# TopK-Airlines: Experimental Results Analysis

This notebook analyzes the performance of different data structures (Heap, Balanced BST, Skip List) for maintaining Top-K airlines by average rating.

## Experiment Overview
- **Dataset**: Skytrax airline reviews
- **Operations**: Insert, Search, Delete
- **Metrics**: Runtime, Memory usage, Top-K accuracy
- **Data Structures**: Min/Max Heap, Balanced BST, Skip List

## Setup and Imports

In [None]:
import pandas as pd
import numpy as np
import matplotlib.pyplot as plt
import sys
from pathlib import Path

# Add parent directory to path for imports
sys.path.append('..')

# Set plotting style
plt.style.use('seaborn-v0_8-darkgrid')
%matplotlib inline

print("Setup complete!")

## Load Experimental Results

In [None]:
# Load results from experiments
results_path = Path('../results/results.csv')

if results_path.exists():
    results_df = pd.read_csv(results_path)
    print(f"Loaded {len(results_df)} experimental results")
    display(results_df.head(10))
else:
    print("⚠️ No results found. Please run experiments first using: python src/experiment.py")
    results_df = pd.DataFrame()

## Data Summary Statistics

In [None]:
if not results_df.empty:
    print("\n=== Summary Statistics ===")
    print(f"\nData structures tested: {results_df['structure'].unique()}")
    print(f"\nOperations tested: {results_df['operation'].unique() if 'operation' in results_df.columns else 'N/A'}")
    print(f"\nData size range: {results_df['n'].min()} - {results_df['n'].max()}")
    
    # Group statistics
    summary = results_df.groupby('structure').agg({
        'avg_time': ['mean', 'std', 'min', 'max']
    }).round(6)
    display(summary)

## Visualization 1: Runtime Comparison Across Data Structures

In [None]:
if not results_df.empty:
    fig, ax = plt.subplots(figsize=(12, 7))
    
    # Plot each data structure
    structures = results_df['structure'].unique()
    colors = plt.cm.Set2(np.linspace(0, 1, len(structures)))
    
    for idx, structure in enumerate(structures):
        data = results_df[results_df['structure'] == structure].sort_values('n')
        ax.plot(data['n'], data['avg_time'], 
                marker='o', linewidth=2, markersize=8,
                label=structure, color=colors[idx], alpha=0.8)
    
    ax.set_xlabel('Number of Operations (n)', fontsize=12, fontweight='bold')
    ax.set_ylabel('Average Time (seconds)', fontsize=12, fontweight='bold')
    ax.set_title('Runtime Comparison: Top-K Data Structures', fontsize=14, fontweight='bold', pad=20)
    ax.legend(fontsize=11, loc='best')
    ax.grid(True, alpha=0.3)
    
    plt.tight_layout()
    plt.savefig('../results/runtime_comparison.png', dpi=300, bbox_inches='tight')
    plt.show()
    
    print("✅ Plot saved to results/runtime_comparison.png")

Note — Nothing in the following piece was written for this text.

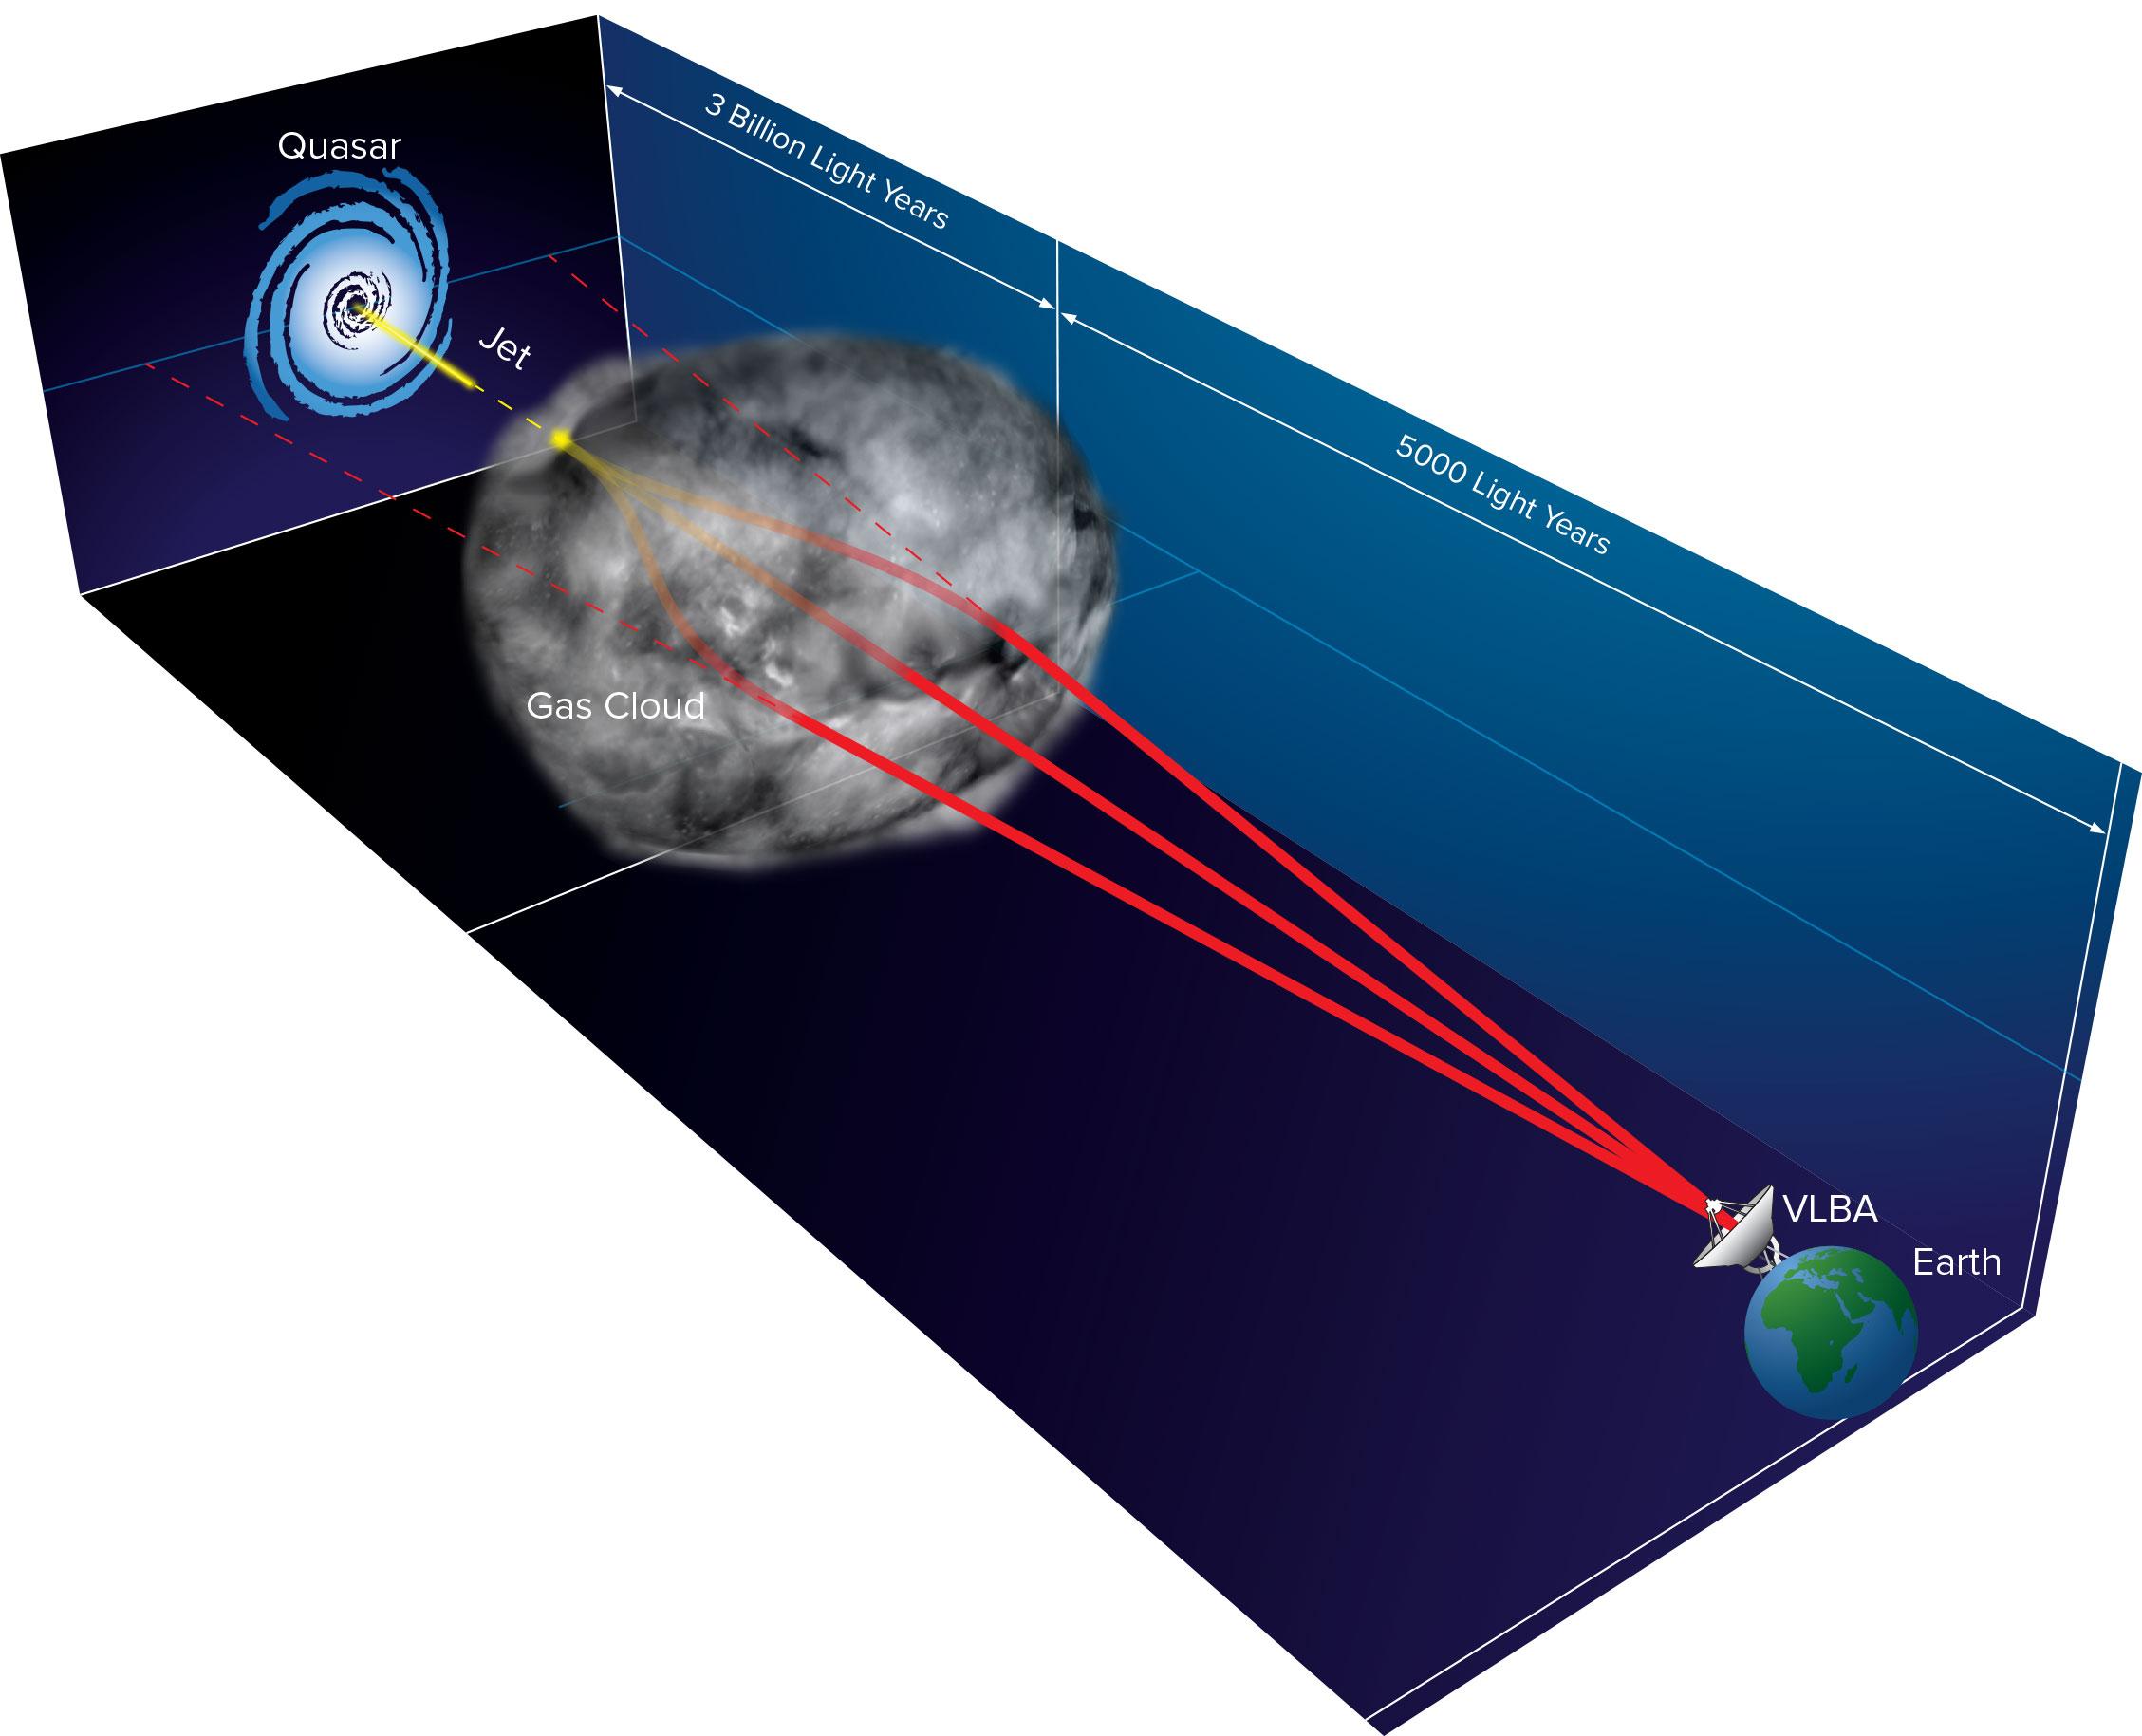 quasar engine diagram wiring diagram All the Galaxies Diagram

## Visualization 2: Runtime Comparison by Operation Type

In [None]:
if not results_df.empty and 'operation' in results_df.columns:
    operations = results_df['operation'].unique()
    n_ops = len(operations)
    
    fig, axes = plt.subplots(1, n_ops, figsize=(6*n_ops, 5))
    if n_ops == 1:
        axes = [axes]
    
    for idx, operation in enumerate(operations):
        ax = axes[idx]
        op_data = results_df[results_df['operation'] == operation]
        
        for structure in op_data['structure'].unique():
            data = op_data[op_data['structure'] == structure].sort_values('n')
            ax.plot(data['n'], data['avg_time'], 
                   marker='o', linewidth=2, label=structure, alpha=0.8)
        
        ax.set_xlabel('Number of Operations (n)', fontsize=11)
        ax.set_ylabel('Average Time (seconds)', fontsize=11)
        ax.set_title(f'{operation.capitalize()} Operation', fontsize=12, fontweight='bold')
        ax.legend()
        ax.grid(True, alpha=0.3)
    
    plt.tight_layout()
    plt.savefig('../results/runtime_by_operation.png', dpi=300, bbox_inches='tight')
    plt.show()
    
    print("✅ Plot saved to results/runtime_by_operation.png")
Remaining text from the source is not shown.